# Motorsägenschein ?



## Gardenfly (19. Januar 2007)

aus gegebenen Anlass brauche ich eine Kettensäge , nun sagt mir ein Bekannter das seid dem 1 Januar eine Art Führerschein benötigt wird ohne den niemand eine Säge betreiben darf, und da er der örtlichen Feuerwehr angehört könnte es stimmen (evtl. nur für Vereine?).


----------



## honeybee (19. Januar 2007)

*AW: Motorsägenschein ?*

Also wenn Du das nur für dich benötigst, brauchst Du keinen Schein. 
Wenn Du im Forst Dir Holz machen willst, verlangen die auch nen Schein, zumindest hier.
In der Feuerwehr brauchen wir einen Motorsägenschein schon aus versicherungstechnischen Gründen.


----------



## Clyde (19. Januar 2007)

*AW: Motorsägenschein ?*

Also meinen Kenntnissen nach (sind aber noch vom vor dem 01.01.) braucht man den Kettensägenschein nur wenn man "öffentlich", gewerblich, also inner Firma oder halt Rettungskräfte und so nutzen will. Ist auch schon richtig so, wenn man einen Baum fällen will sollte man auch wissen was man alles falsch machen kann.
Aber in deinem Garten wird wohl keiner vorbeikommen und deinen Schein kontrollieren.


----------



## mot67 (19. Januar 2007)

*AW: Motorsägenschein ?*

hab ich nix von gehört. kann ich mir auch nicht vorstellen, sollen jetzt alle, die seit jahren oder jahrzehnten mit motorsägen am werkeln sind nen schein nachmachen?
nichts desto trotz ist eine motorsäge kein spielzeug und man sollte schon wissen, was man da macht.


----------



## Nauke (19. Januar 2007)

*AW: Motorsägenschein ?*

nach meiner Kenntnis:

- egal wo du privat runwerkelst kannst du mit der Kettensäge machen was Du
willst.

- gleiches gilt auch gewerblich, so lange nichts passiert.

- willst du aber einen Holzsammelschein mit Kettensägeerlaubnis haben,
 dann mußt du einen Schein machen.

Das ist die neue Abzocke der Forstbetriebe, denn der Schein wird in der
Regel bei ihnen erworben/Lehrgang/Einweisung. (50-120€, je nach Frechheit)
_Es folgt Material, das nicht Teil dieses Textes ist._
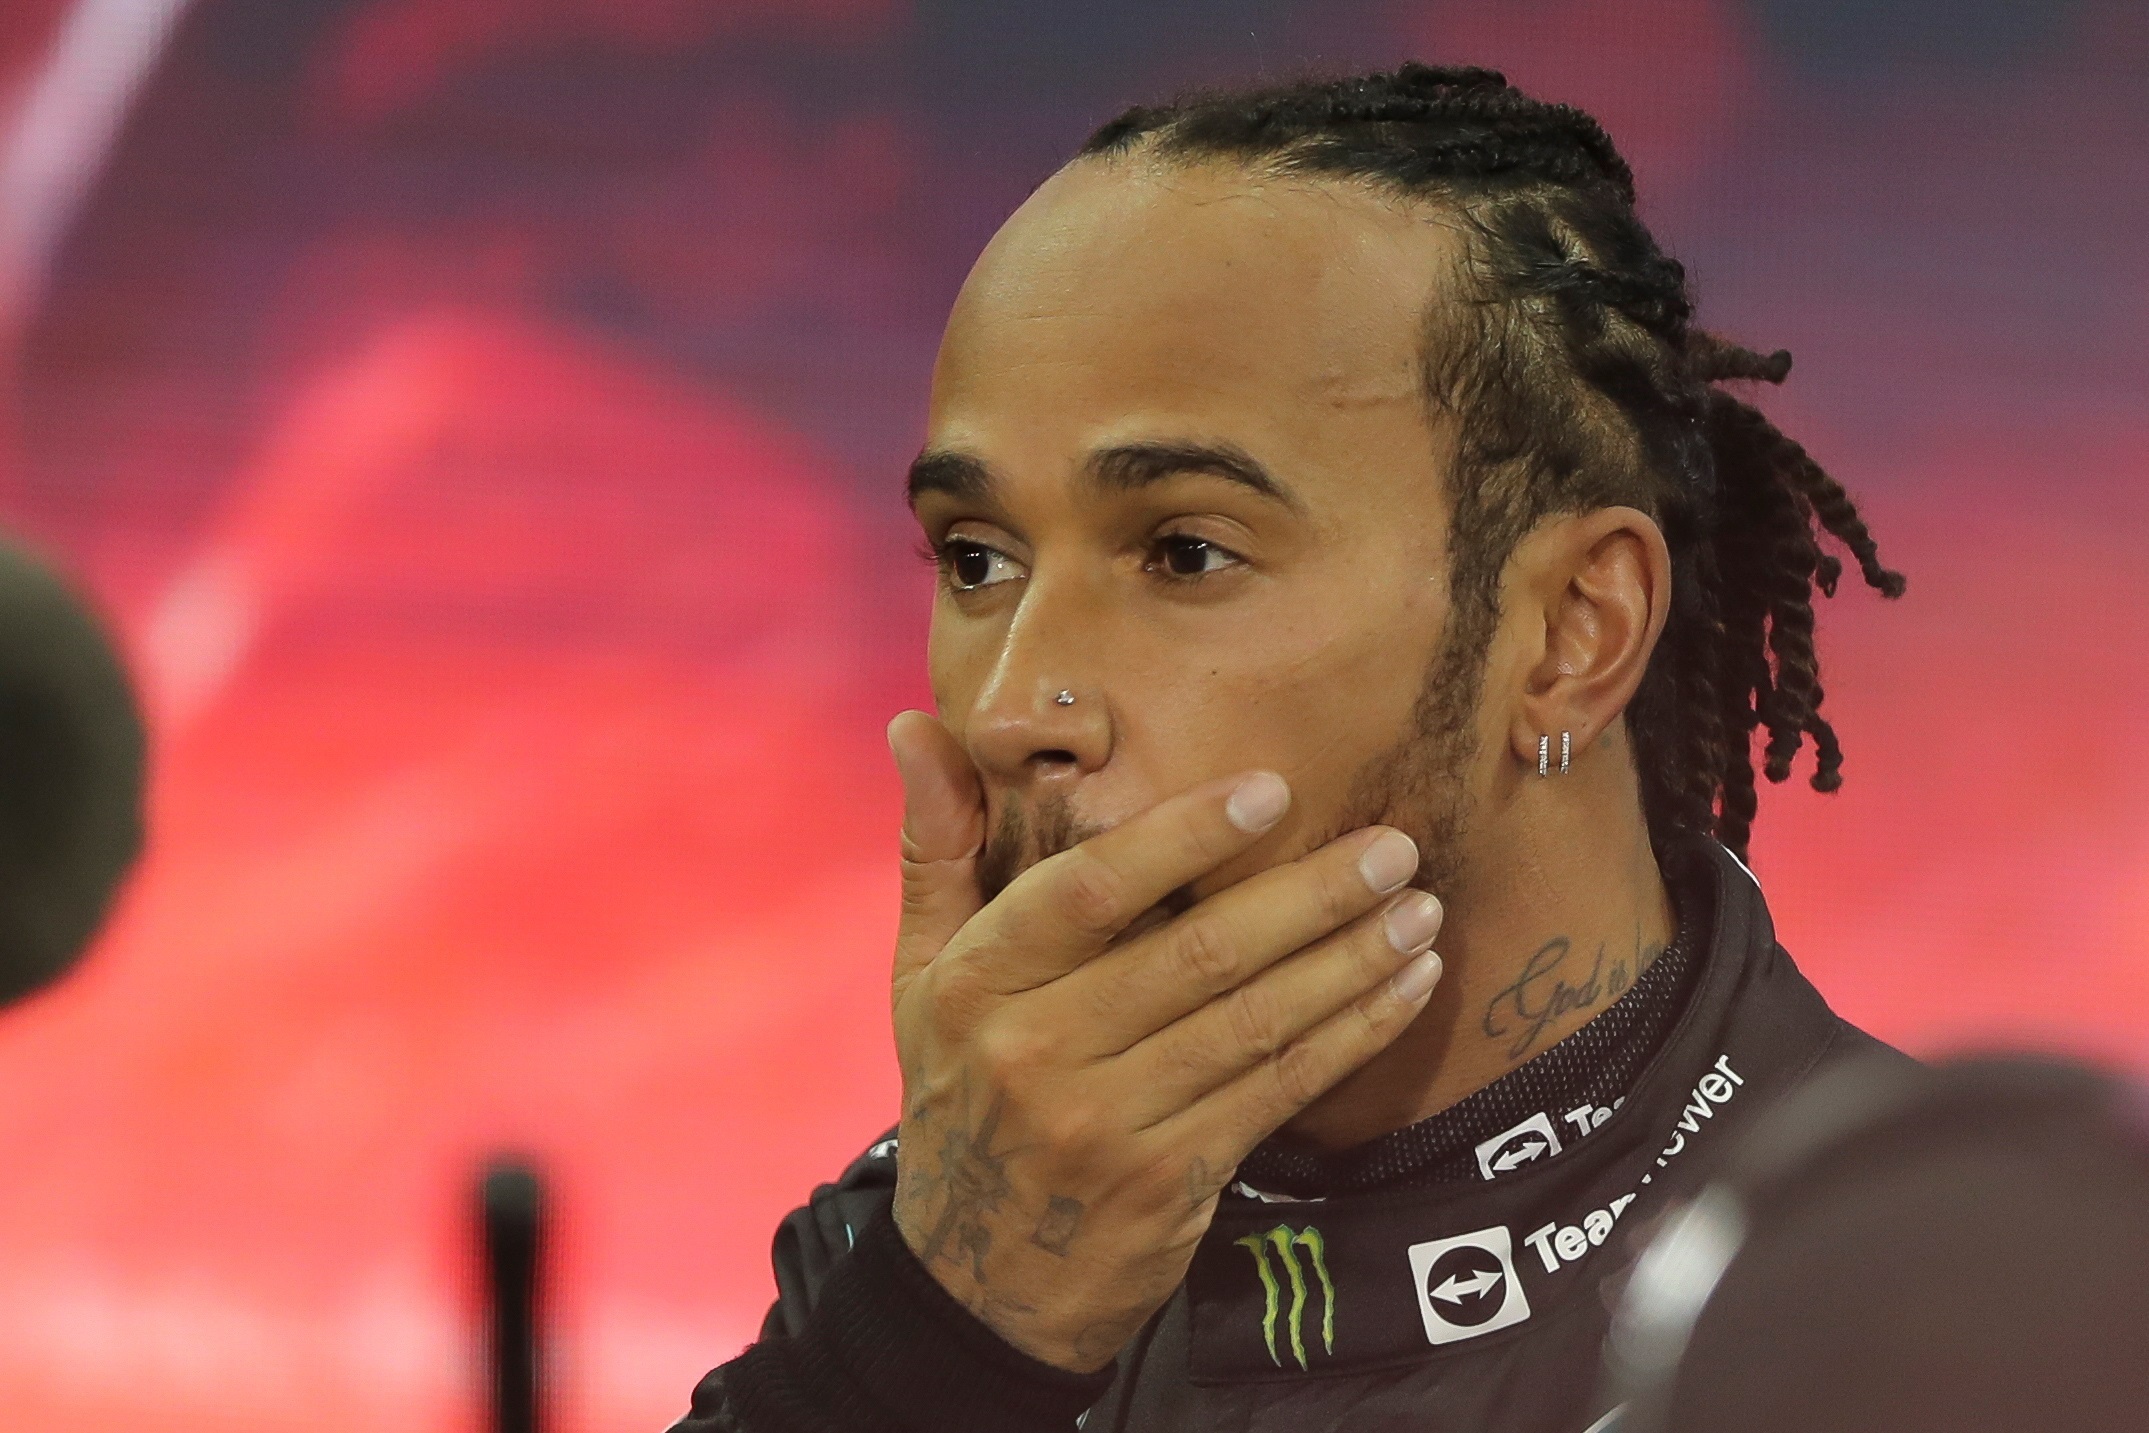 “Esto está siendo manipulado”: El audio de Hamilton antes de perder con Verstappen el título (Video)

Soll angeblich aus versicherungstechnichen Gründen sein|kopfkrat 

Nur ohne Kettensäge bekomme ich den Sammelschein problemlos und keiner
fragt ob ich mit dem Hackebeilchen ungehen kann.

Wo ist da die Versicherung#c 

Es ist eine neue Abzocke der Forstbetriebe,Förster.:r

PS: über die rechtliche Zulässigkeit dieser Maßnahmen kann ich noch nichts sagen
aber im Frühjahr fange ich an mit Holz sammeln, und dann gibts streß.


----------



## FoolishFarmer (19. Januar 2007)

*AW: Motorsägenschein ?*



Nauke schrieb:


> - egal wo du privat runwerkelst kannst du mit der Kettensäge machen was Du willst.
> 
> - gleiches gilt auch gewerblich, so lange nichts passiert.
> 
> - willst du aber einen Holzsammelschein mit Kettensägeerlaubnis haben, dann mußt du einen Schein machen.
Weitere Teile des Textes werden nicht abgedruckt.